OpenAI just added autonomous workspace agents to ChatGPT - bots that business users can build and deploy to handle tasks on their own, without someone manually prompting them each time.
The feature is live now for Business, Enterprise, Edu, and Teachers plan subscribers. OpenAI gave two concrete examples in its blog post: an agent that searches the web for product feedback and sends a summary report to Slack, and a sales agent that handles prospecting tasks independently. These aren't one-off chat responses - they're designed to run as recurring, scheduled workflows.
This changes how teams interact with ChatGPT. The standard model is reactive - you type, it responds. Workspace agents flip that: you configure what you want done, and the agent handles execution on its own schedule.
What Agents Replace
For a small marketing team, that could mean an agent pulling competitor mentions from the web every morning and dropping a summary into Slack - work that previously required either someone doing it manually or a custom automation built in a tool like Zapier. The difference is you describe the task in plain language rather than mapping out triggers and conditions manually. The agent handles the interpretation.
Access and Permissions
This is a business-tier feature only. Standard Plus subscribers don't get it. The full range of external app integrations isn't fully documented yet, but the Slack example confirms connectivity outside ChatGPT itself.

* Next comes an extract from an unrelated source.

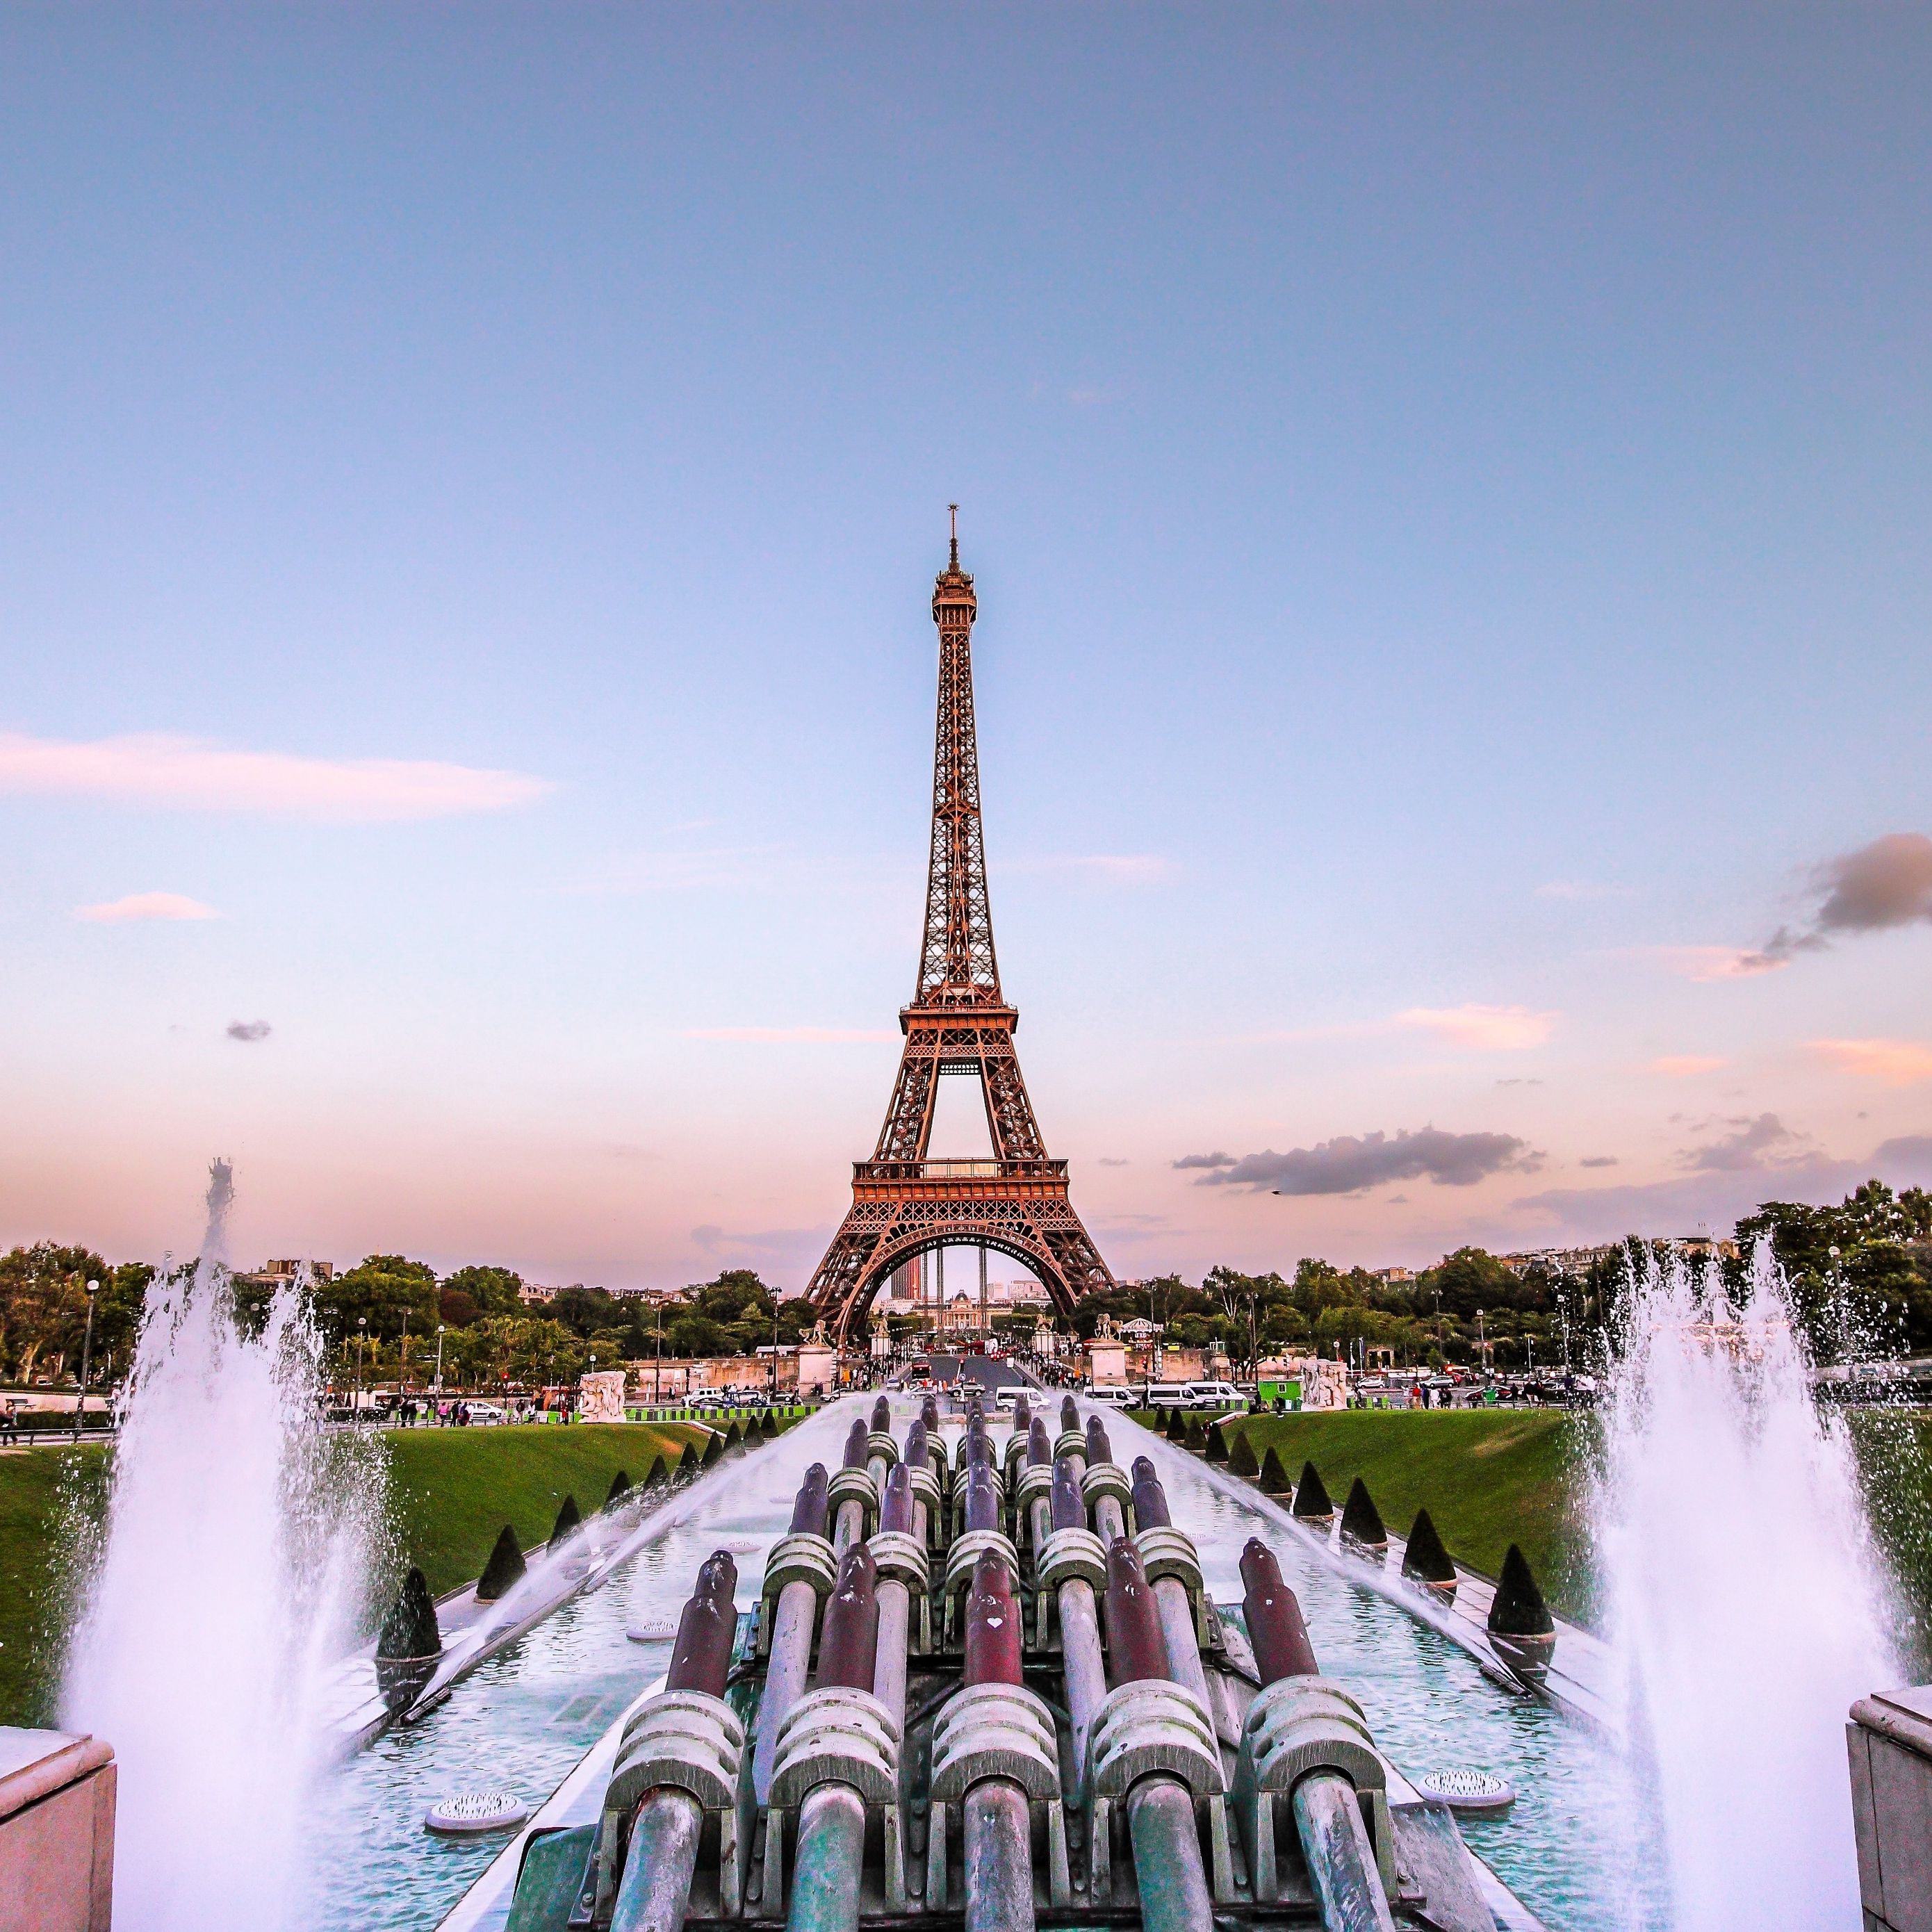 Tải xuống hình nền 2780x2780 Eiffel Tower, Paris, hoàng hôn vàng ngọc để thỏa sức tạo điểm nhấn cho màn hình của bạn. Hình ảnh đầy lấp lánh này sẽ khiến bạn chìm đắm trong thế giới mơ mộng của thành phố ánh sáng.

The permission question matters more than it might seem. An agent with standing access to your company's Slack or email has real reach, and it's not yet clear how granular the permission controls or revocation options are. That's a practical concern worth resolving before deploying any of these in a live workflow.
OpenAI's distribution advantage is real. Enterprise teams already use ChatGPT daily, which means these agents get real-world testing immediately - no separate onboarding, no new login required. Thousands of business teams will be running live workflows within weeks of launch, which will answer the reliability question faster than most product launches.